» Your objective: Copy the records below exactly, starting at the line that contains "Beautiful and elegant" and ending at the line that contains "The lower part"; leave out any pictures.

» Data supplied:

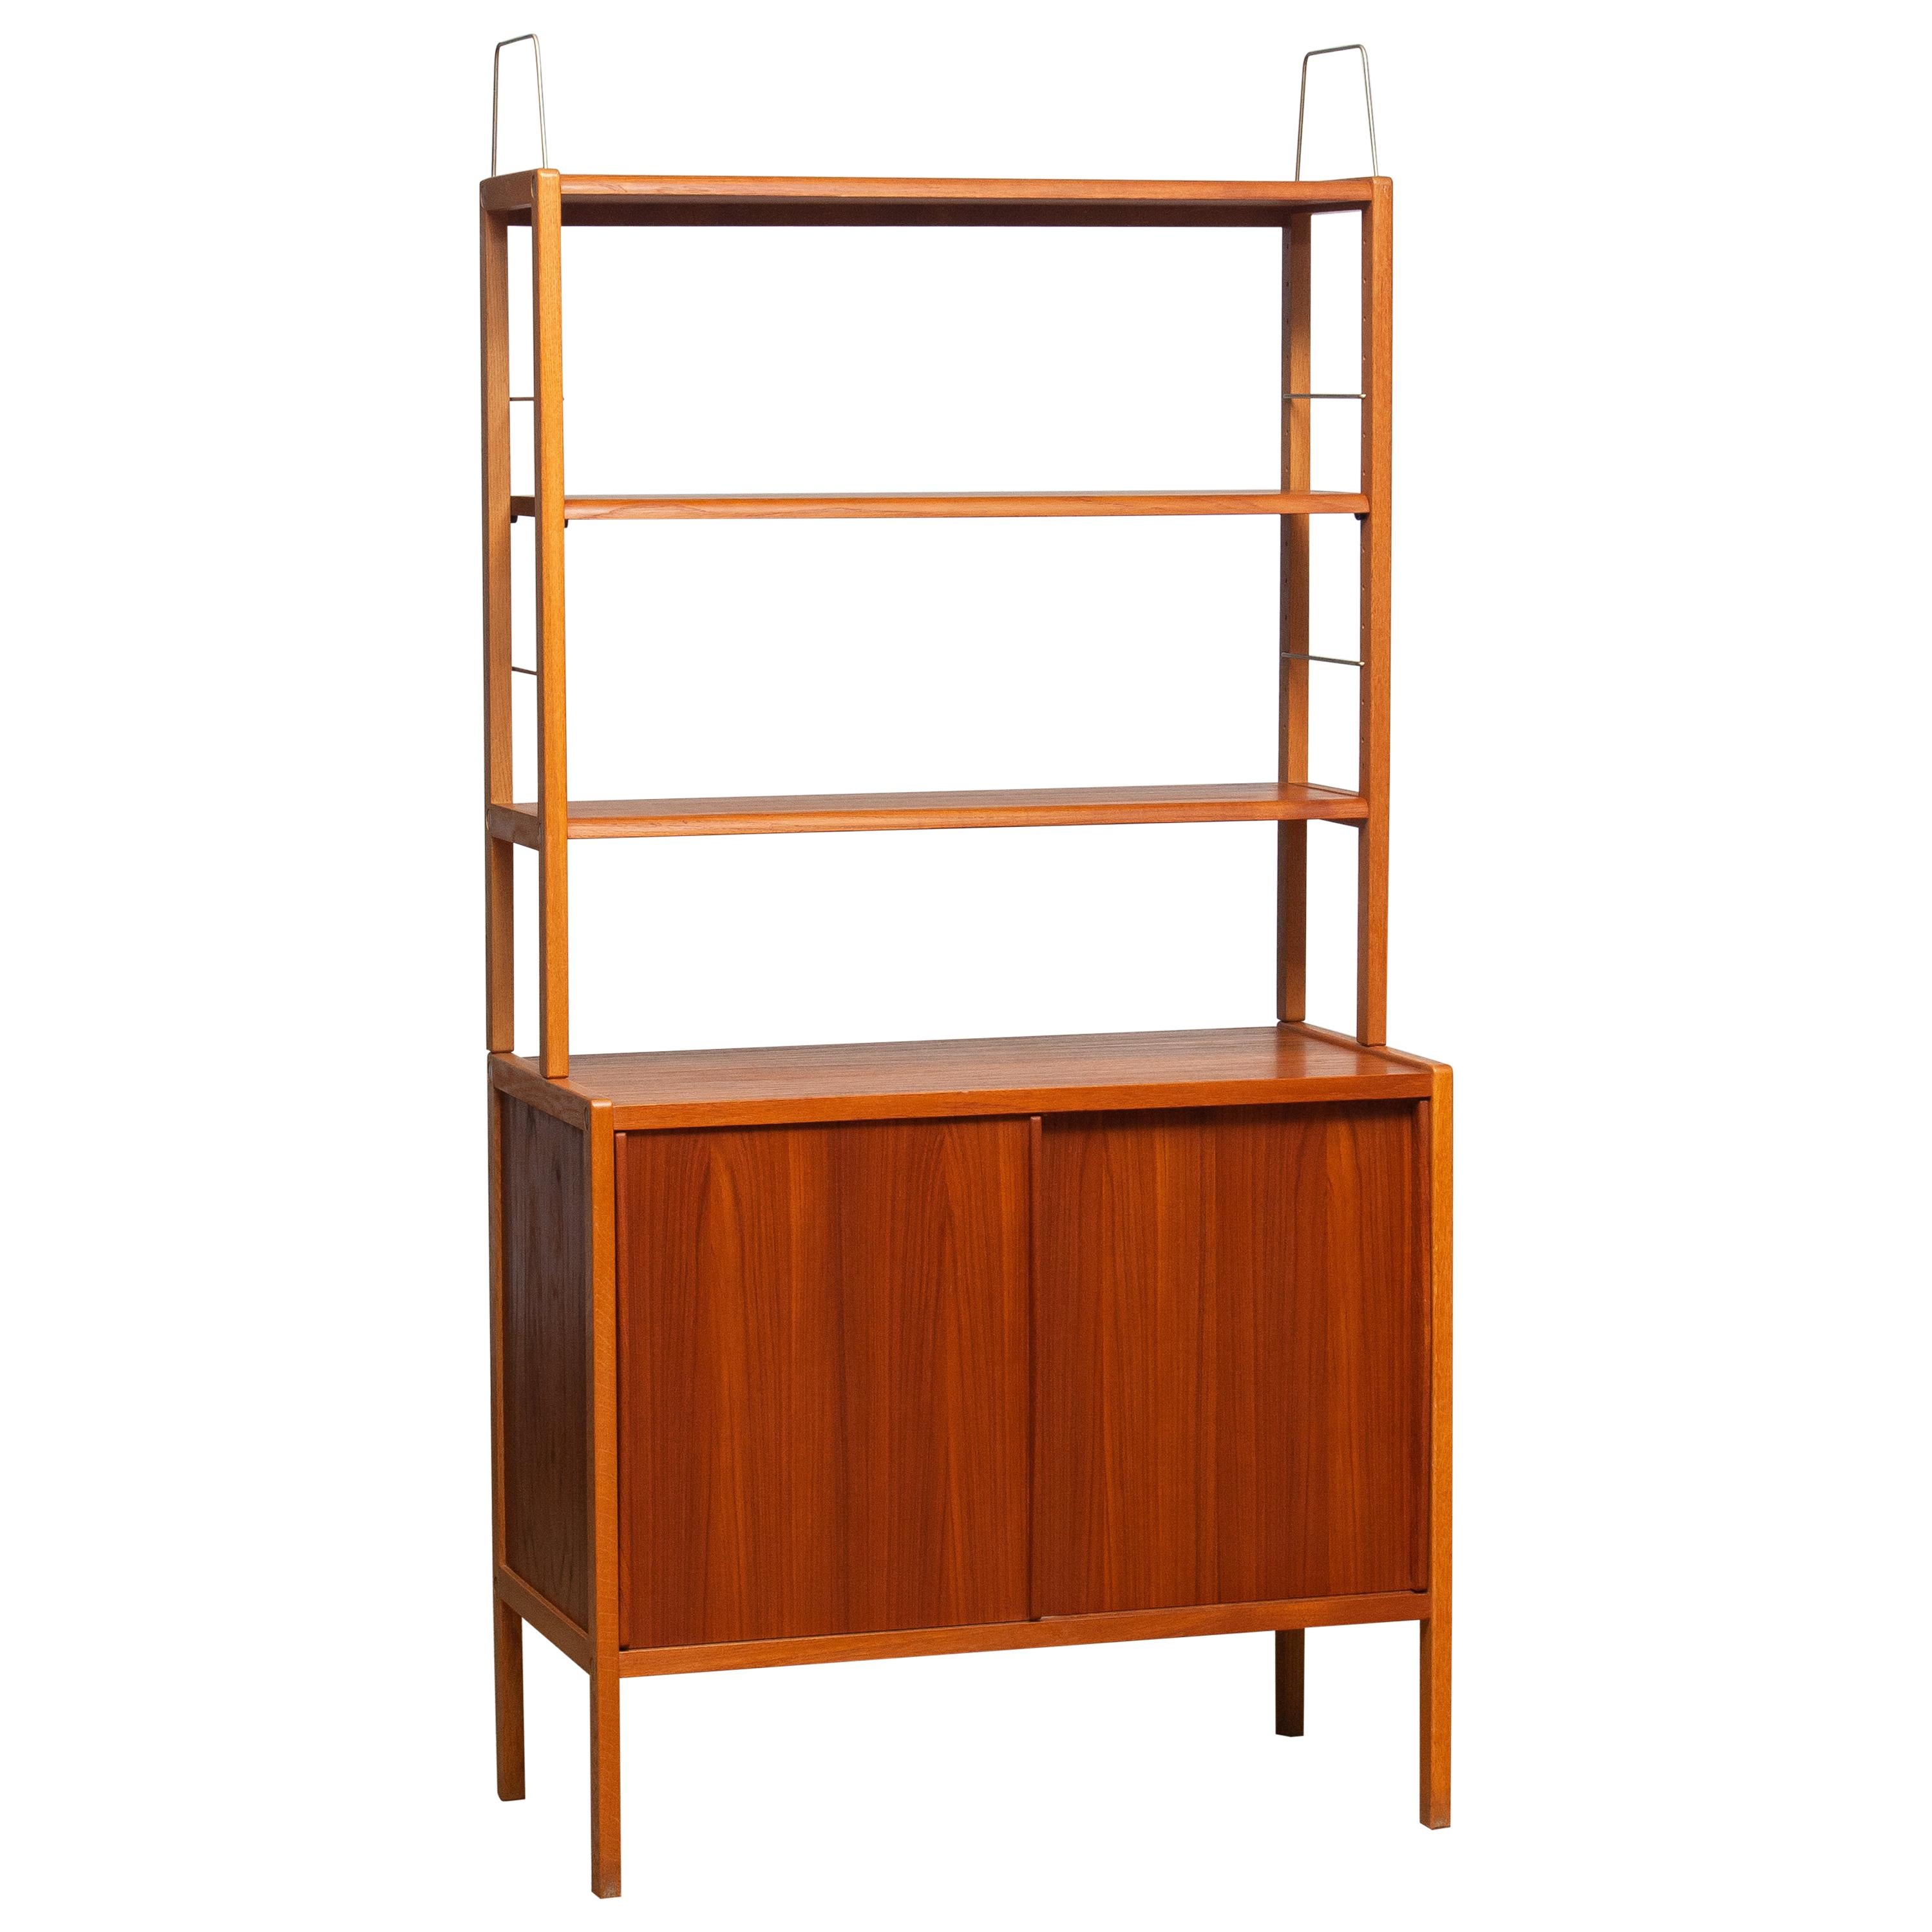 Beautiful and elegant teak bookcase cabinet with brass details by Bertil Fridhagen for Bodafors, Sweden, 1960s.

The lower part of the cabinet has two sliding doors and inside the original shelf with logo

* * *

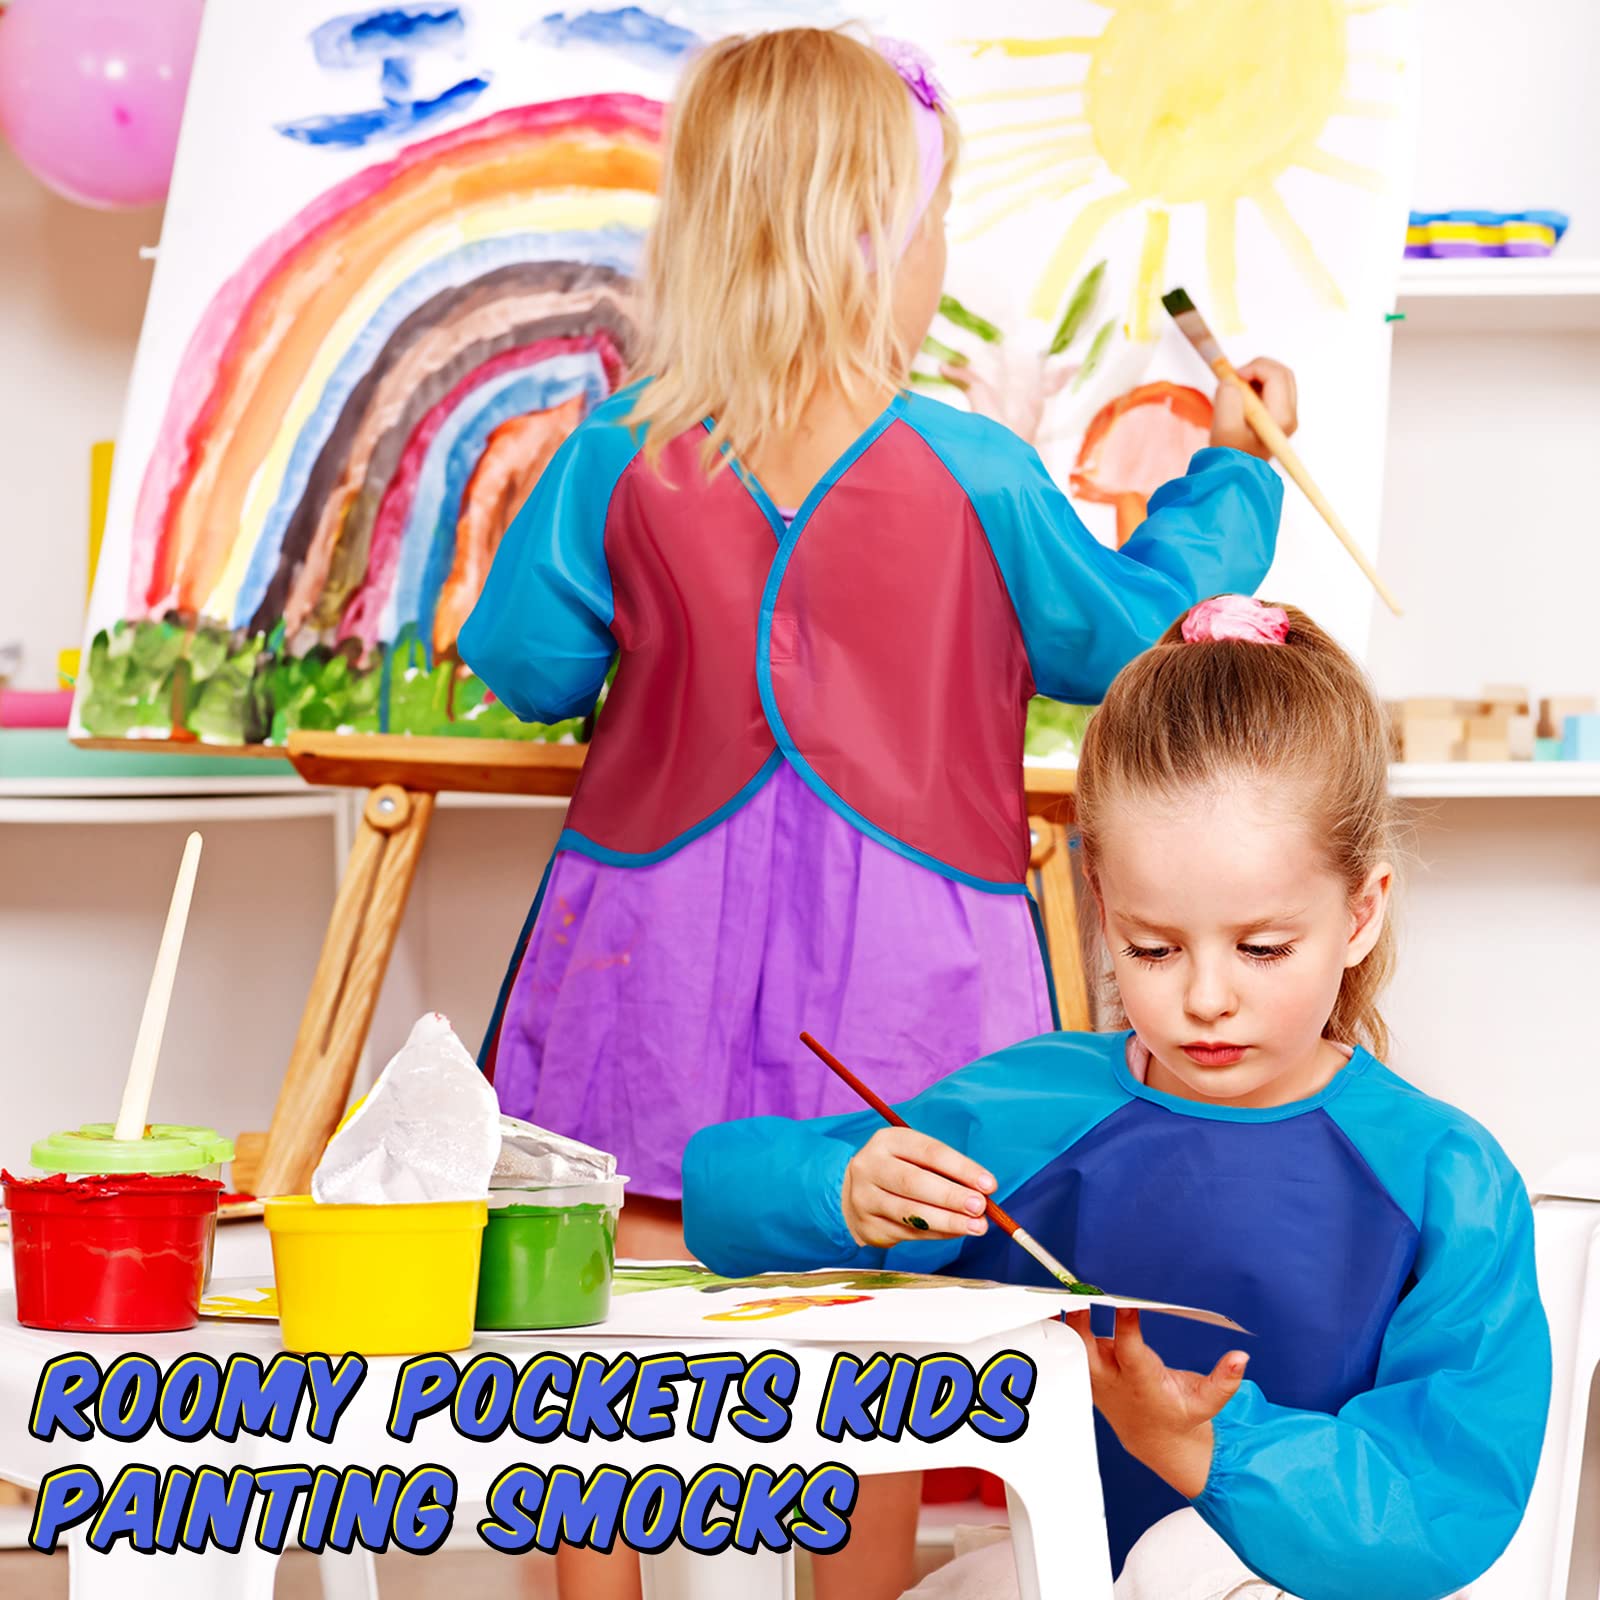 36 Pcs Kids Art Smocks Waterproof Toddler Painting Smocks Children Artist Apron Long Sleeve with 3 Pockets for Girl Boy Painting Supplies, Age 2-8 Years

» Answer space:
 Beautiful and elegant teak bookcase cabinet with brass details by Bertil Fridhagen for Bodafors, Sweden, 1960s.

The lower part of the cabinet has two sliding doors and inside the original shelf with logo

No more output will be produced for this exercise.